For the reasons set forth above, I respectfully dissent from the majority opinion of this Court.

. Rule 404(a) of the Rhode Island Rules of Evidence stands for the general proposition that "[ejvidence of a person’s character or a trait of the person’s character is not admissible for the purpose of proving that he or she acted in conformity therewith on a particular occasion * * Rule 404(b) sets forth:

"Evidence of other crimes, wrongs, or acts is not admissible to prove the character of a person in order to show that the person *160acted in conformity therewith. It may, however, be admissible for other purposes, such as proof of motive, opportunity, intent, preparation, plan, knowledge, identity, absence of mistake or accident, or to prove that defendant feared imminent bodily harm and that the fear was reasonable.”

Rule 403 of the Rhode Island Rules of Evidence states in full:

"Although relevant, evidence may be excluded if its probative value is substantially outweighed by the danger of unfair prejudice, confusion of the issues, or misleading the jury, or by considerations of undue delay, waste of time, or needless presentation of cumulative evidence.”

. The majority's opinion equates the term "state of mind,” with "consciousness of guilt,” to justify the admissibility of defendant's alleged resistance to arrest. To support this, the majority cites cases, whose facts I believe are far removed from this case: State v. Williams, 190 N.J. 114, 919 A.2d 90, 92-93 (2007) (after a homicide, the defendant attempted to make the scene appear to be a suicide and instructed witnesses to lie to police); and People v. Sustak, 15 Ill.2d 115, 153 N.E.2d 849, 854 (1958) (the defendant fled police and entered a tavern where he drew a weapon and wounded a responding officer). Both of these cases involved intricate post-crime conduct that was deemed admissible under the guise of “consciousness of guilt.” While I need not agree or disagree with those holdings, it is my opinion their applicability to this case is marginal. Further, I agree with Justice Robinson's separate opinion that this issue was not part of the trial record.

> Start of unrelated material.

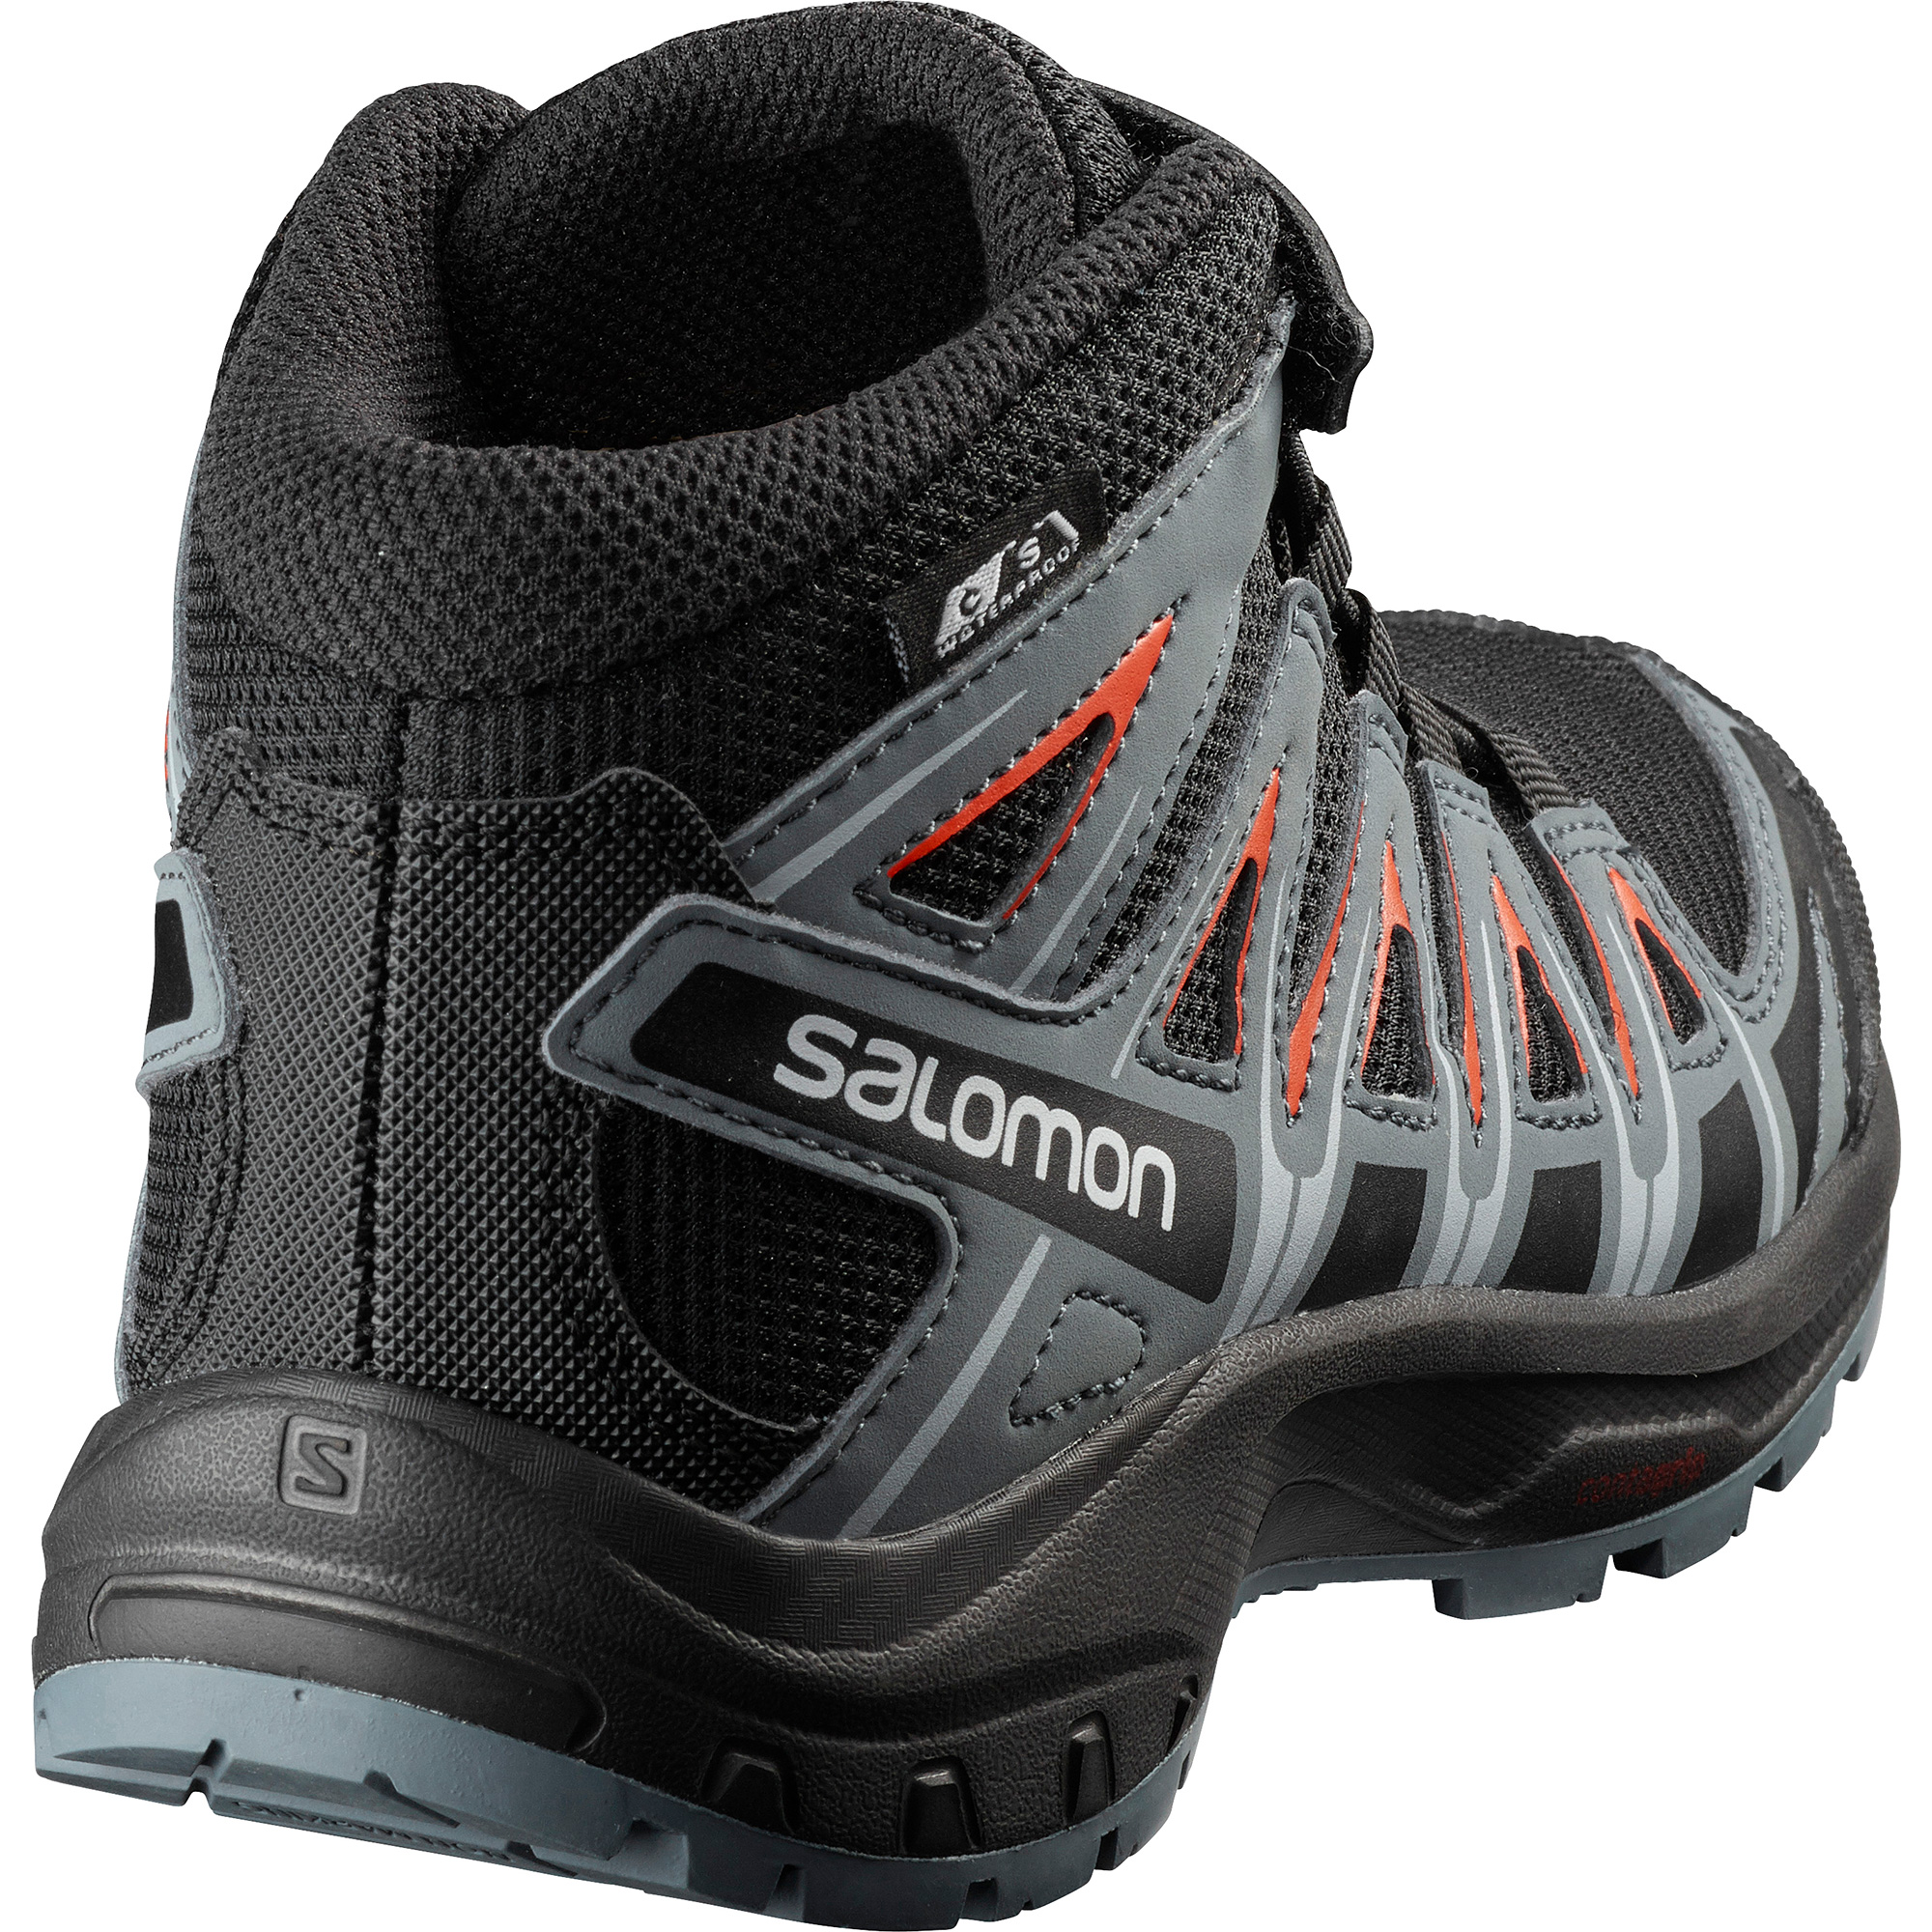 Buty zimowe Salomon XA PRO 3D MID CSWP J (406512)   Woliniusz.pl
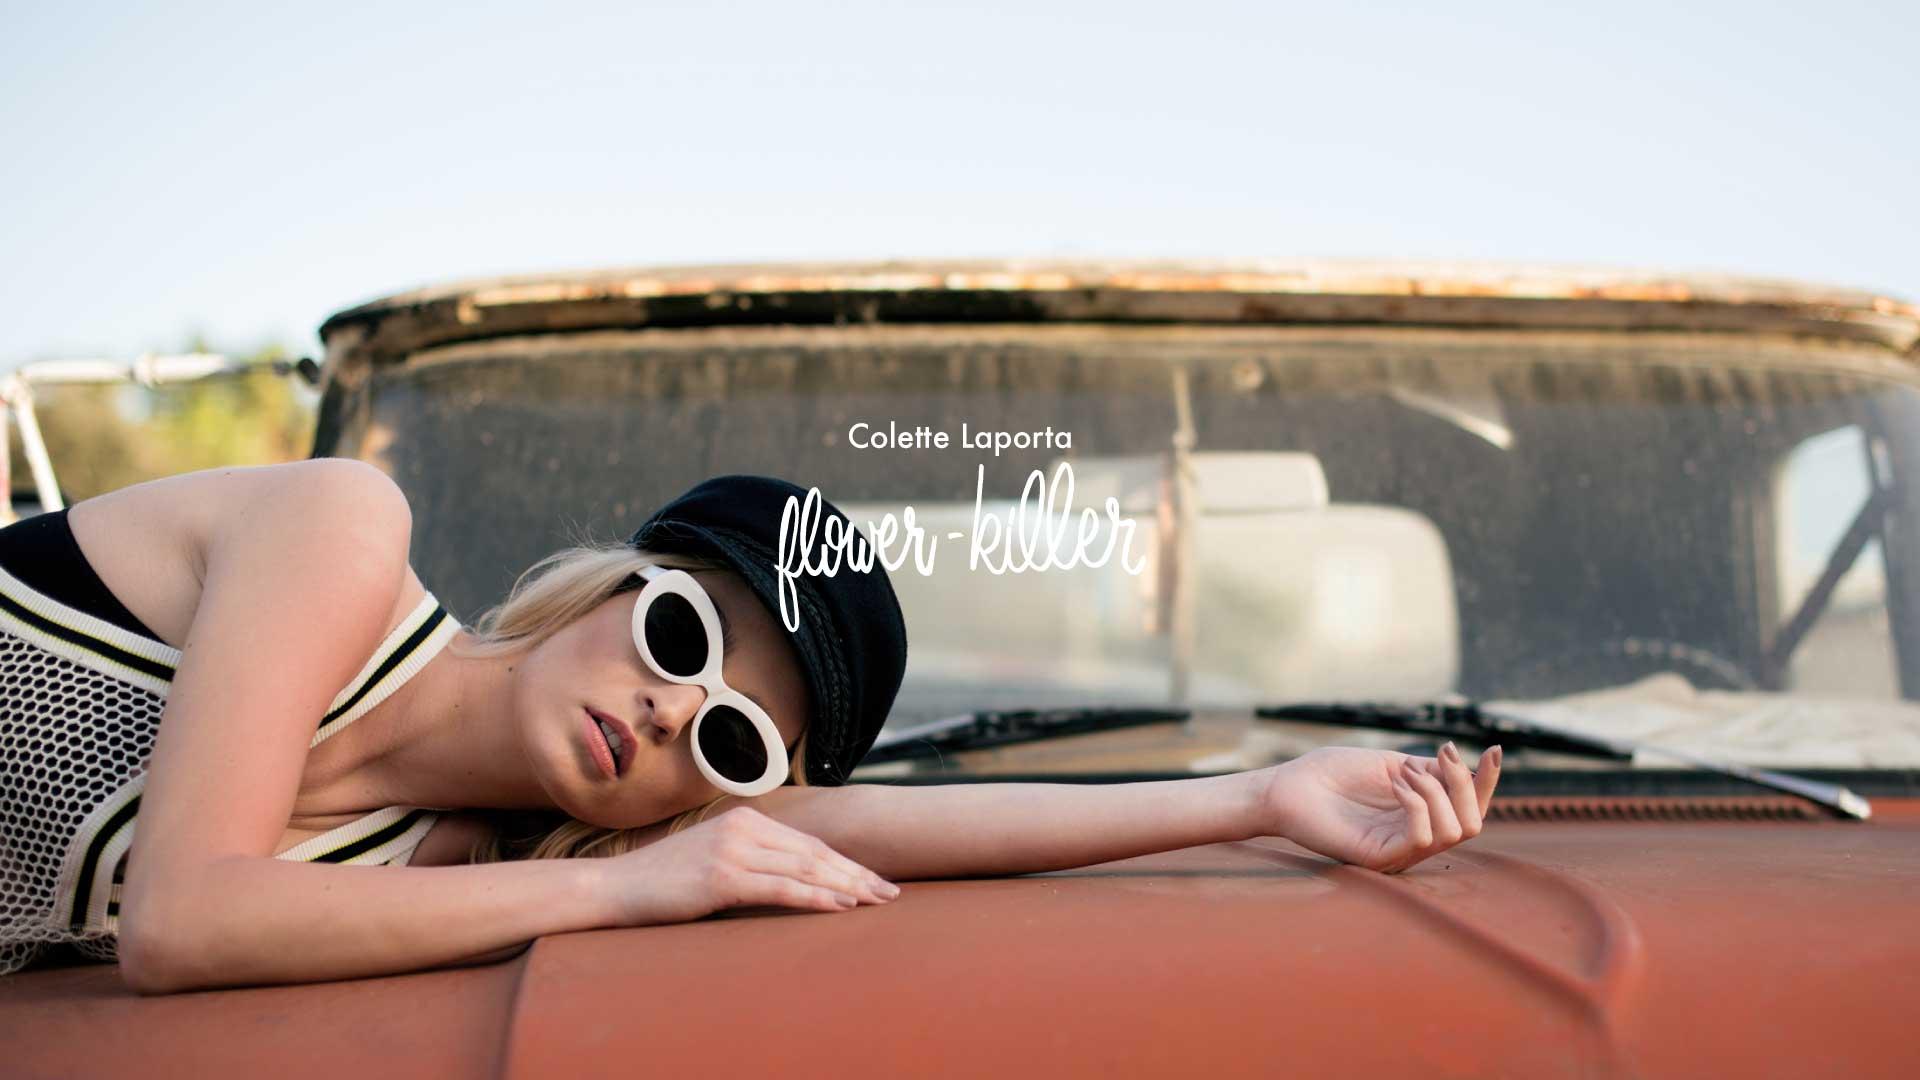 Leaked Colette Laporta naked (72 photos), Topless, Paparazzi, Boobs, braless 2015

. Mens rea, Latin for "guilty mind,” is "[t]he state of mind that the prosecution, to secure a conviction, must prove that a defendant had when committing a crime * * Black’s Law Dictionary 1134 (10th ed. 2014).

. The trial justice went on to reply, "[i]f that’s the case, maybe that’s an explanation that can be offered by the defense.” Defense counsel then correctly stated that "the defense shouldn't have to. [offer an explanation]”; however, once the evidence was admitted he felt obligated to address it. In closing argument defense counsel said, ”[a]n innocent person may very well resist arrest when they are falsely accused of a crime.”

.The majority cites United States v. Wright, 392 F.3d 1269, 1276 (11th Cir.2004), but I do not believe that case supports its opinion. The defendant's resistance to arrest is not a key piece of evidence that "gives the jury the body of the story,” it is instead the opposite; as Wright advises, it is "just the ending.” Id. (holding admission of contested evidence appropriate because it was not simply the end of the story but "inextricably intertwined”).

. I disagree with the majority’s characterization that defendant did not properly develop his Rule 403 argument. From the record, it is clear that Rule 403 was raised and argued before the trial justice. Even though defendant's written argument on Rule 403 before this Court was sparse, it was raised in his Rule 12A statement. See Article I, Rule 12A of the Supreme Court Rules of Appellate Procedure. Because the analysis of Rule 404(b) evidence is always bifurcated with Rule 403 considerations, I believe that it was sufficiently raised to this Court.